**TASK DESCRIPTION**
Of the lines below, write out exactly those from the line with "I'm the only" through the line with "Sometimes beautiful things", both included, and skip the rest.

**EXERCISE INPUT**

┏━━

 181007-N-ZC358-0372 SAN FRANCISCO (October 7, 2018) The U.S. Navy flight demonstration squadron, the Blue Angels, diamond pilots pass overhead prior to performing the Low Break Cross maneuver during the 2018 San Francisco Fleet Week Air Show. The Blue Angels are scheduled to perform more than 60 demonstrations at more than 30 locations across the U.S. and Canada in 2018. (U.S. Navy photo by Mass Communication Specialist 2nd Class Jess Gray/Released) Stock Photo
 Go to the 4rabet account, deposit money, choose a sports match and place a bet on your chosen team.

┗━━
┏━━

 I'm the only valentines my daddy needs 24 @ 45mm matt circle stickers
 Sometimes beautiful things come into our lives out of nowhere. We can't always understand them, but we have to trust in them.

┗━━
┏━━

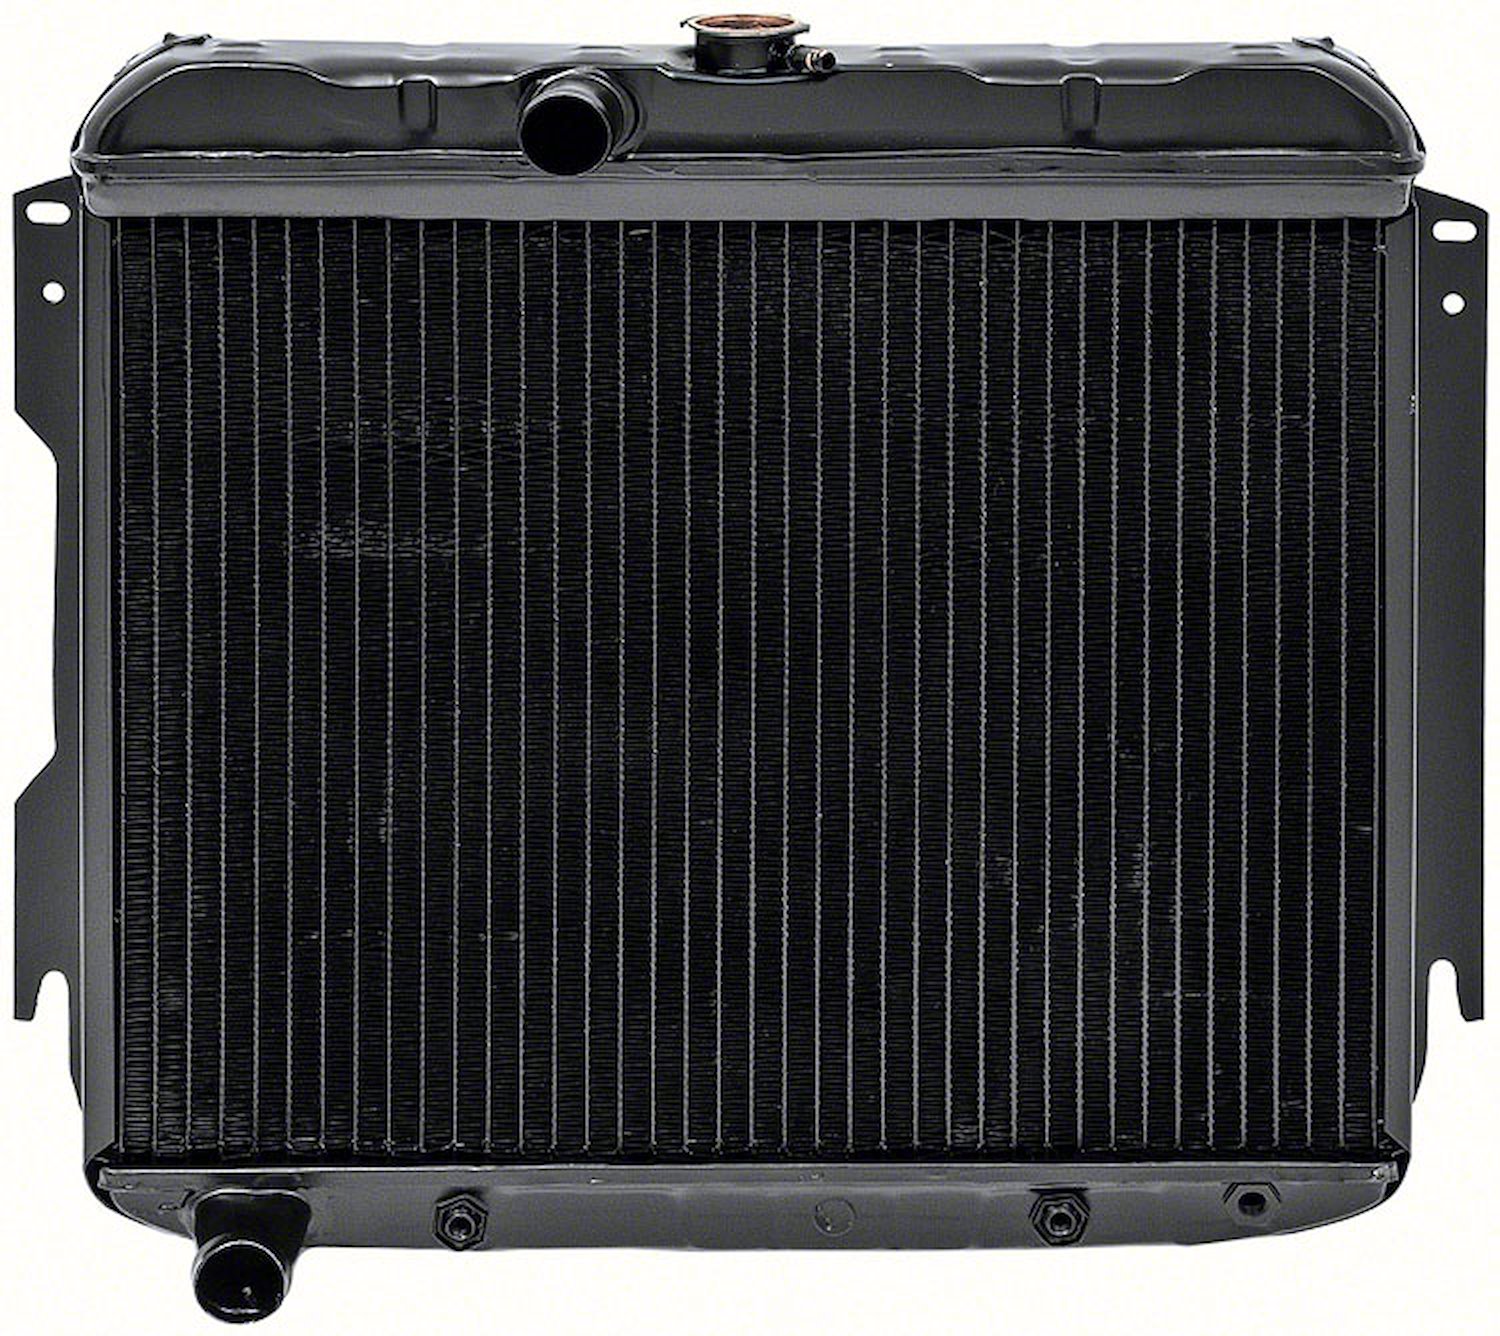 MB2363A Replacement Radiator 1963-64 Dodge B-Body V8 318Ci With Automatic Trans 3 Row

┗━━

**RESPONSE FOR THIS EXERCISE**
 I'm the only valentines my daddy needs 24 @ 45mm matt circle stickers
 Sometimes beautiful things come into our lives out of nowhere. We can't always understand them, but we have to trust in them.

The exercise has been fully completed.